Anthony-Nolan / Atlas

A free & open-source Donor Search Algorithm Service
GNU General Public License v3.0
9 stars 5 forks source link

Investigate several failed searches in AN WMDA UAT environment #1031

Closed daria-sorokina-da closed 1 year ago

daria-sorokina-da commented 1 year ago

Several searches failed in AN WMDA UAT environment according to the teams channel.

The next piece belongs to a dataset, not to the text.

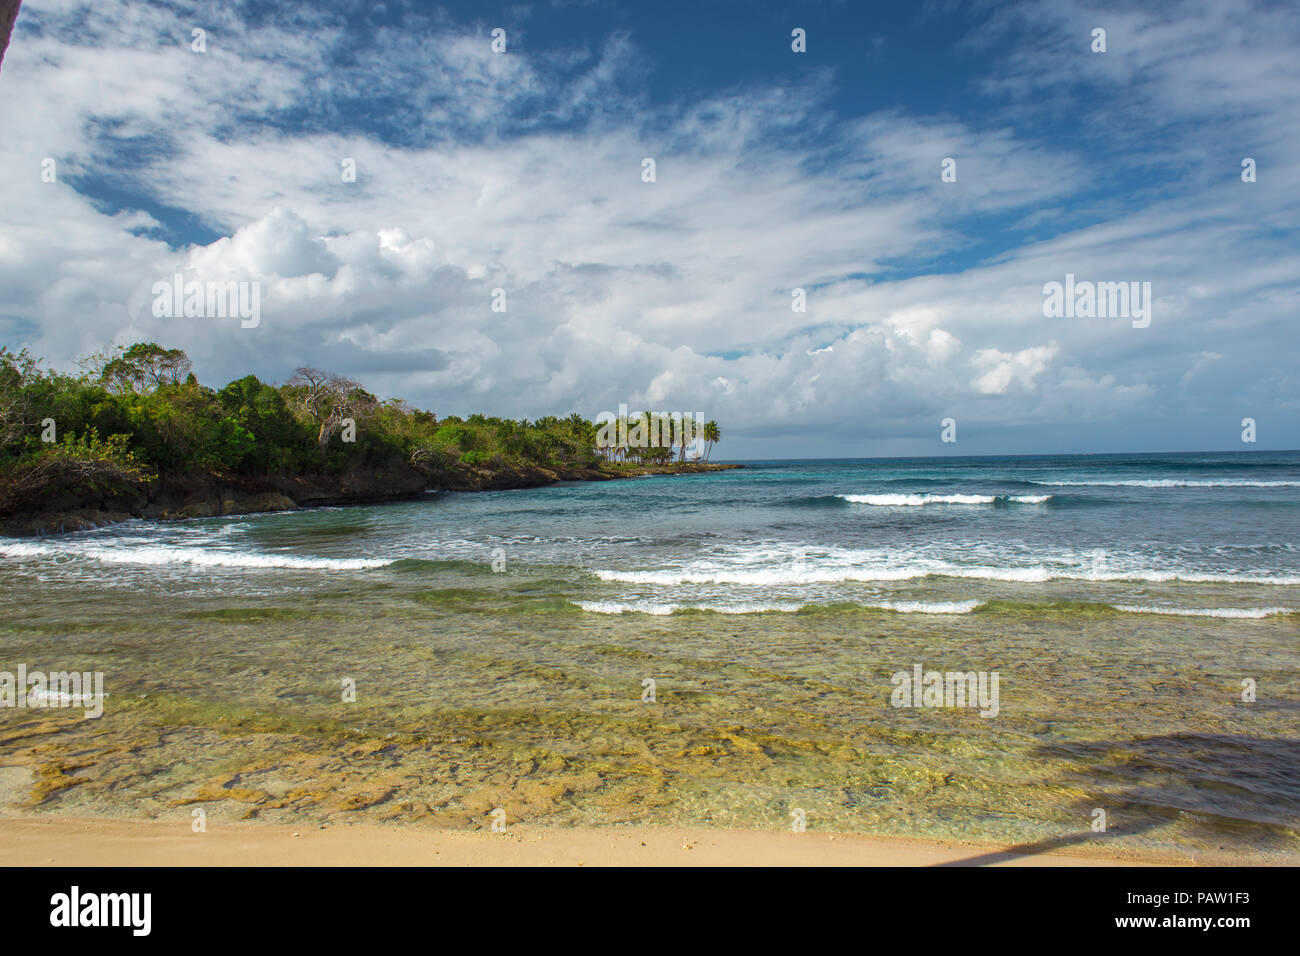 scenic beautiful Caribbean landscape, Dominican Republic Stock Photo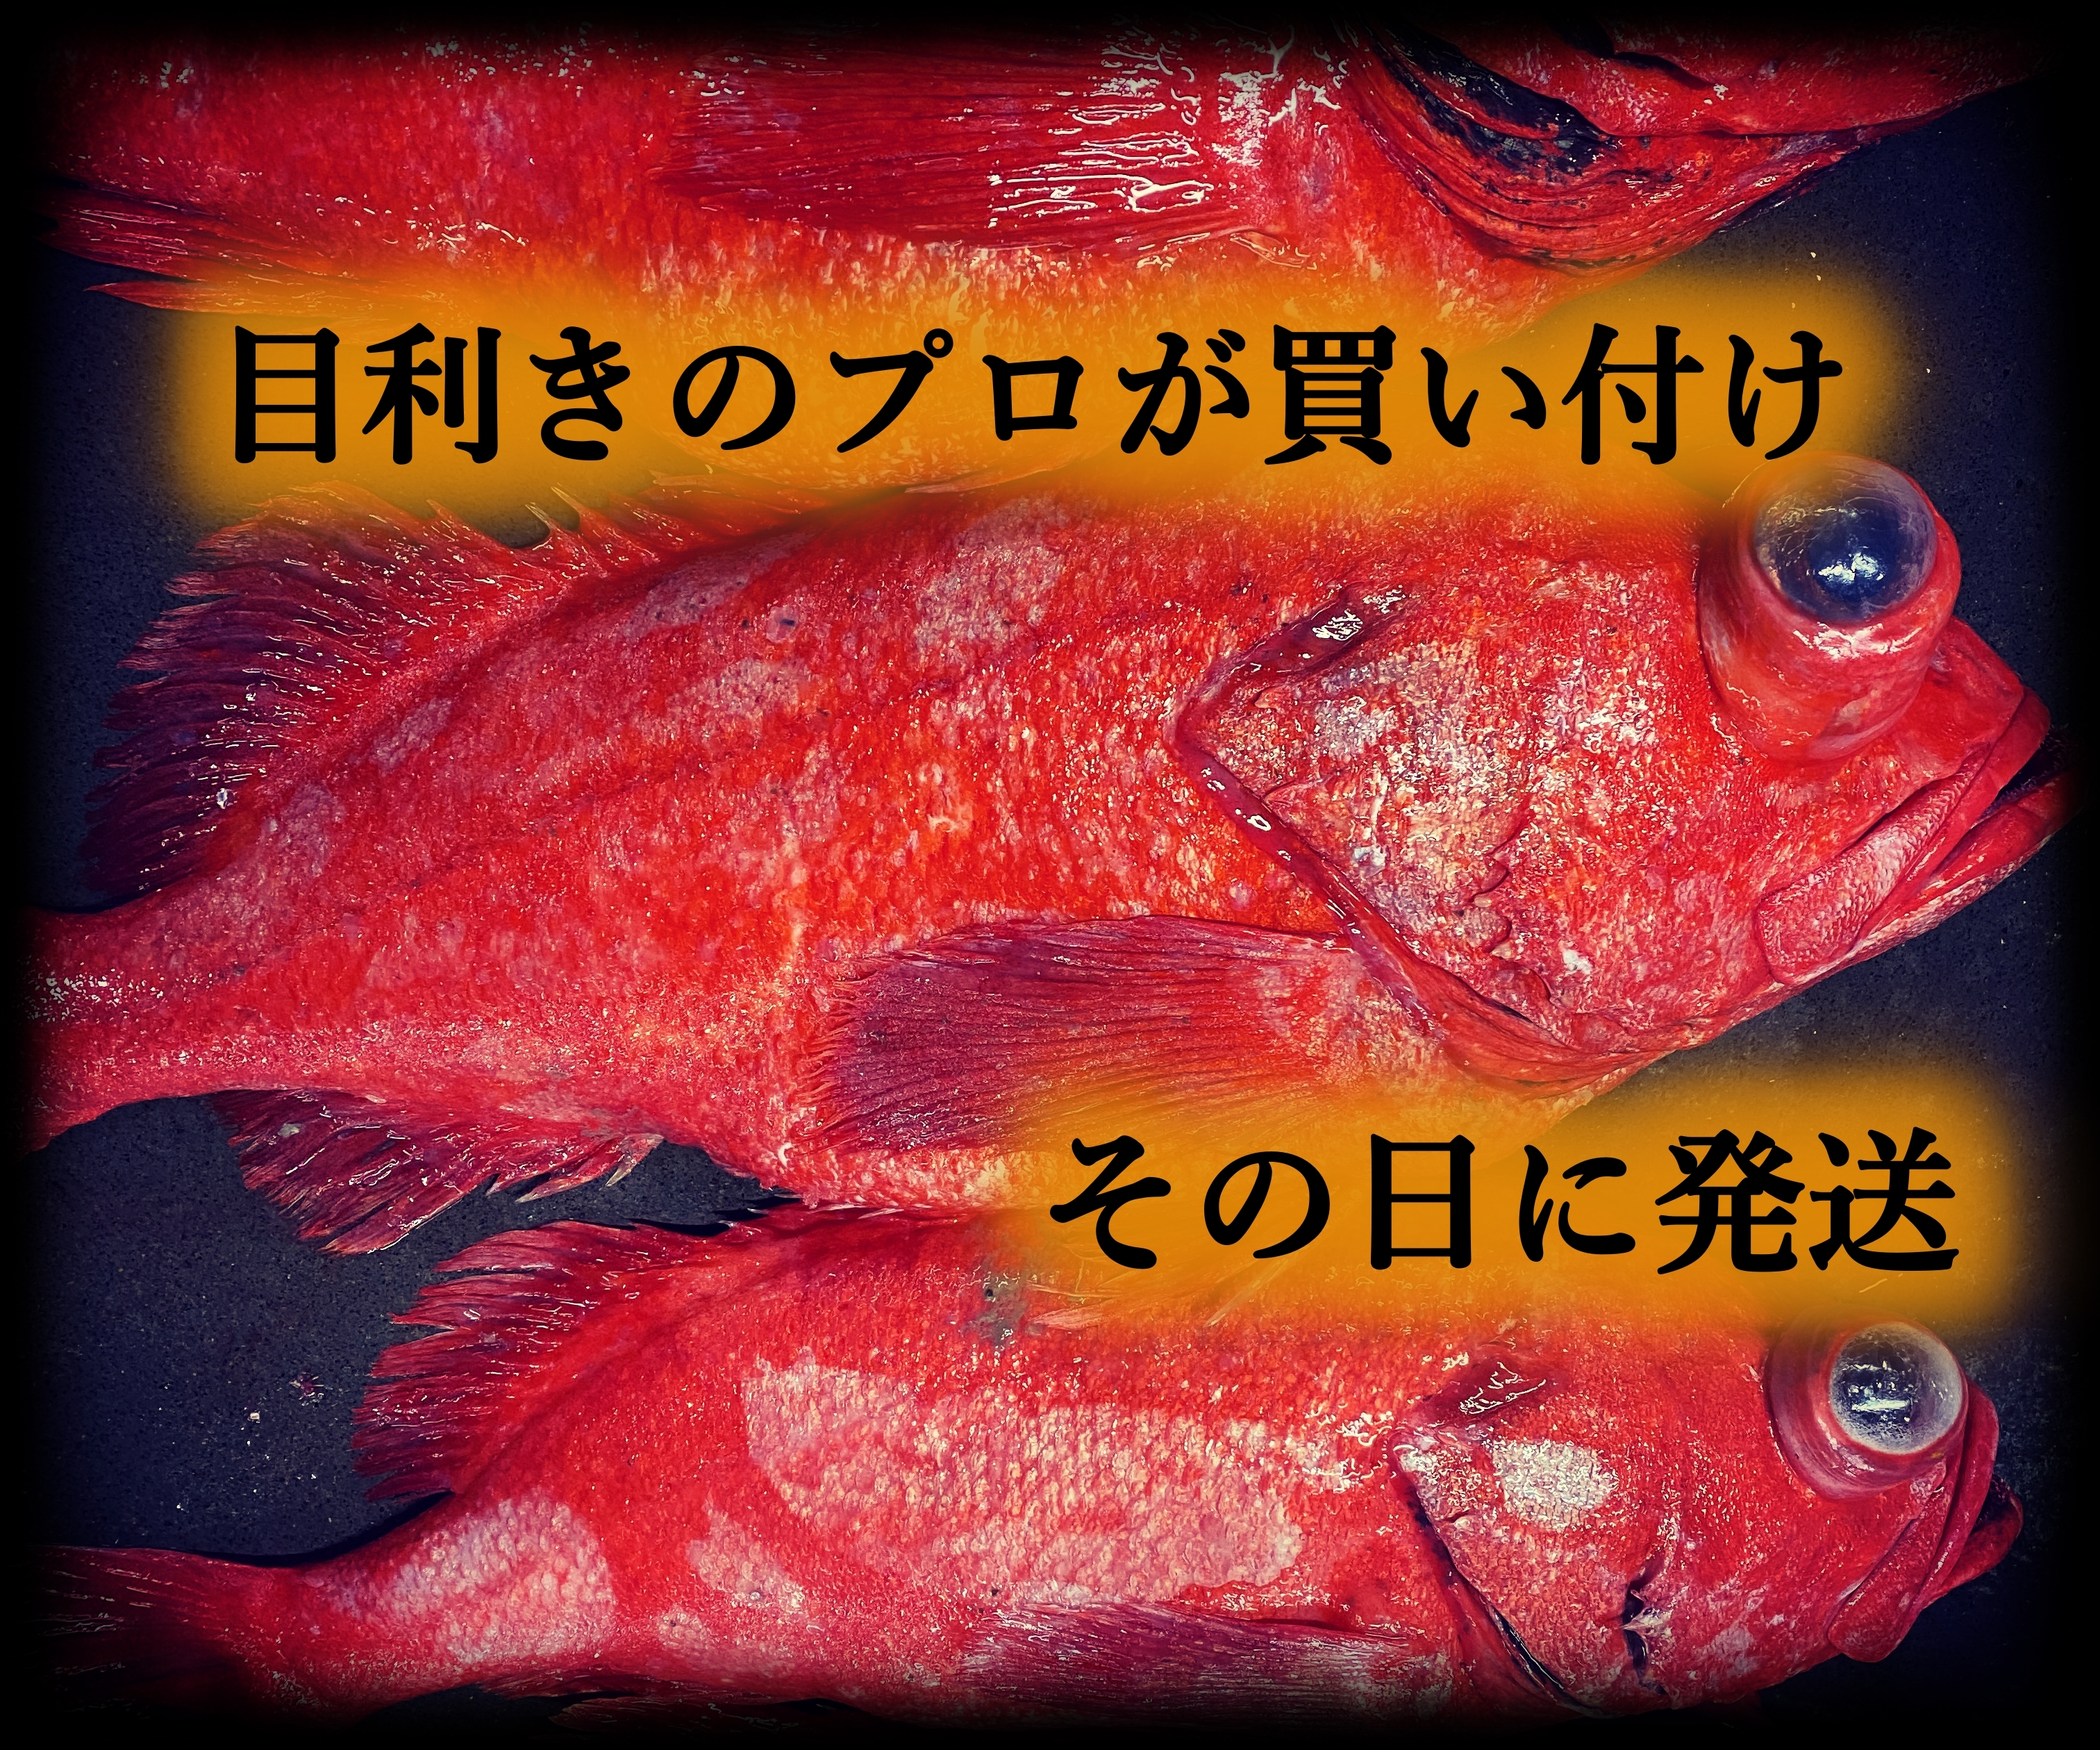 メヌケ メヌキ アコウ 魚 海鮮 希少 北海道 根室産 北海道 セレクトショップ

Need to investigate what happened.

Failures on Monday 7 Aug Search ID: 441e824d-58fc-40a6-890a-8c45663f4dc1 Search ID: 5d7ea224-3a3d-4d5a-b945-eb7044aa06da Search ID: 3d0e3c65-4553-422c-85b2-875fecf7e529 Search ID: 72b5c3ee-49f5-468a-8838-171ff382b1c4 Search ID: ad629ac1-4ae3-4e8e-80f1-a3ca72a5c61a

Failures on Tuesday 8 Aug Search ID: e88331ba-b9a8-4ed2-995c-4dc2fcf36ffe

All failures have the following details: Repeat ID (if relevant): Stage Reached: Matching Algorithm ValidationError (if relevant):

zabeen commented 1 year ago

Investigations

Failures caused by *NEW allele in the patient

441e824d-58fc-40a6-890a-8c45663f4dc1 e88331ba-b9a8-4ed2-995c-4dc2fcf36ffe db1bb854-59f5-46c1-a68d-d3cfed62e0a9 38dfe9cf-073e-4192-b5ef-2f631261a5fb

The validation error was reported in the search notification but logic app wasn't grabbing the value to display it in the teams message, that's been fixed now.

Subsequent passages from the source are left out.